В Сокольниках Нюра нерешительно тронула Карла за рукав.

- Ребенка как назовем?

- Какого? - опешил Карл.

- Может, у вас под капустой находят. А у нас…

Подавляя растерянность, уверенно произнес:

- Мальчика - Карлом. Девочку - Антониной.

Нюра согласно кивнула, взяла под руку, прижалась.

Карл прочитал перед строем батальона призыв командования отважно драться с антоновцами, но не обижать пленных, мирное население.

"Всему личному составу надлежит избегать нанесения какого–либо ущерба или оскорблений честным трудящимся гражданам".

Под текстом значилась подпись Тухачевского, недавнего командующего Западным фронтом.

В тамбовских лесах война заманивала в темные чащи, подкарауливала в засадах, вела с высоких деревьев прицельный огонь из обрезов, обрушивала нежданные налеты.

Сверчевский стремился уловить эти особенности.

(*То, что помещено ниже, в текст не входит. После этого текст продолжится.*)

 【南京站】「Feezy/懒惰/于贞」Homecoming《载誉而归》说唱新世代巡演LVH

Не подозревая, что спустя годы придется вспоминать их, извлекать уроки, применимые не только в тамбовских лесах…

Разделавшись с антоновщиной, армия начала приспосабливаться к мирным обстоятельствам.

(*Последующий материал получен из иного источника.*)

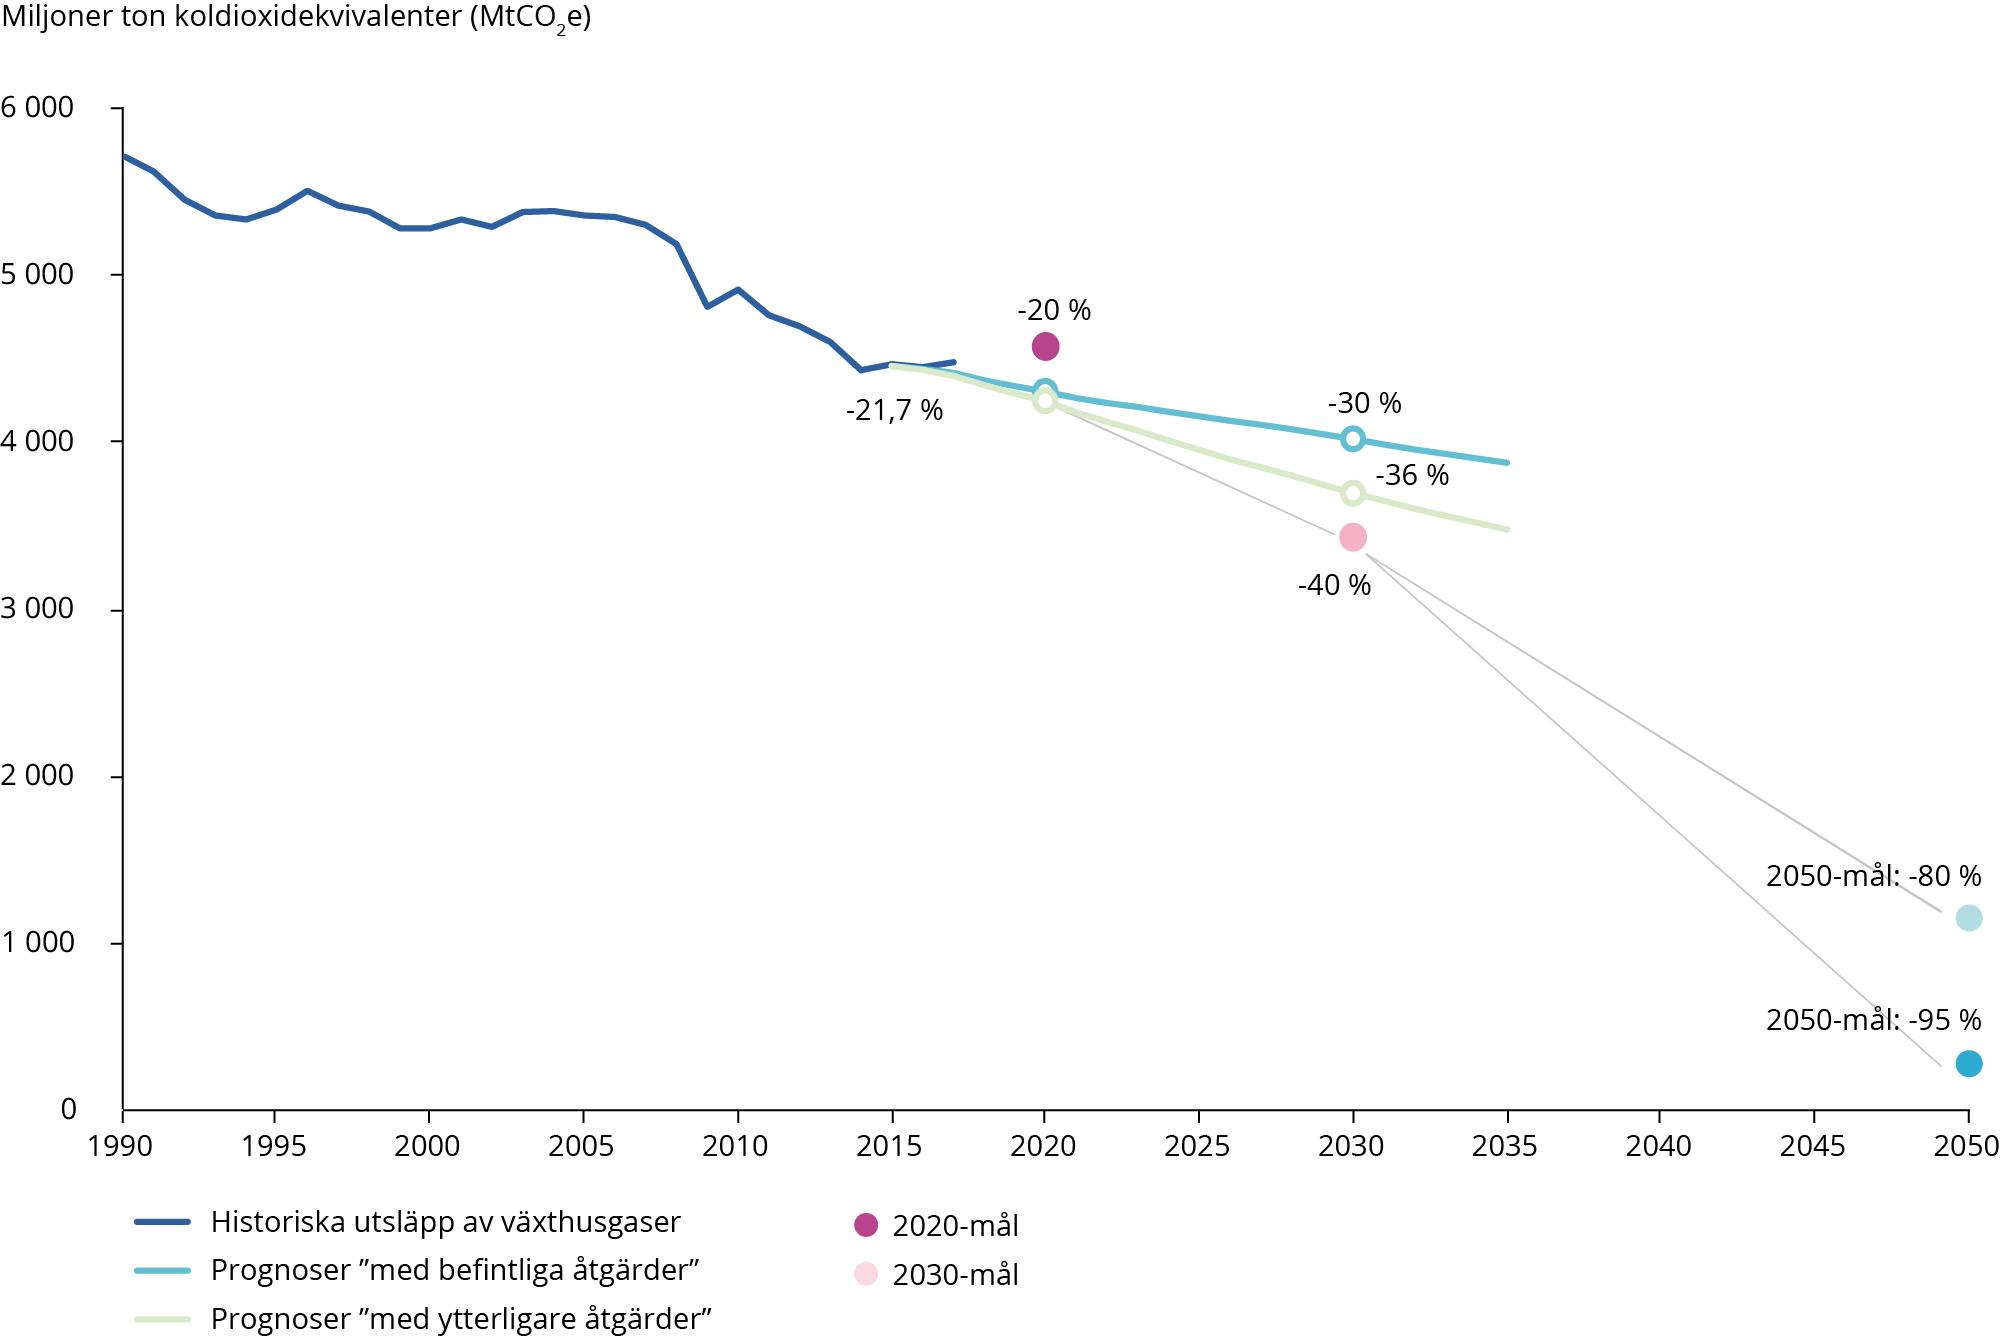 Växthusgasutsläpp, trender och prognoser i EU-28, 1990–2050

Карл все чаще задумывался: куда податься, что делать ему, главе семьи, нет, двух семей. Кроме маминой, с трудом осваивающейся на чужбине, его собственная: Нюра и новорожденная Тося.

Среди всех забот Карла - радостная: мыть Тоську, пеленать, глядеть, как посапывает в своем коконе.

Пожалуй, Нюра права. Пора увольняться из армии, обосновываться в Москве. Того же мнения Сергей, Иосиф.

В январе 1922 года Карл Сверчевский подал рапорт с просьбой демобилизовать по семейным обстоятельствам. И стал на учет на бирже труда.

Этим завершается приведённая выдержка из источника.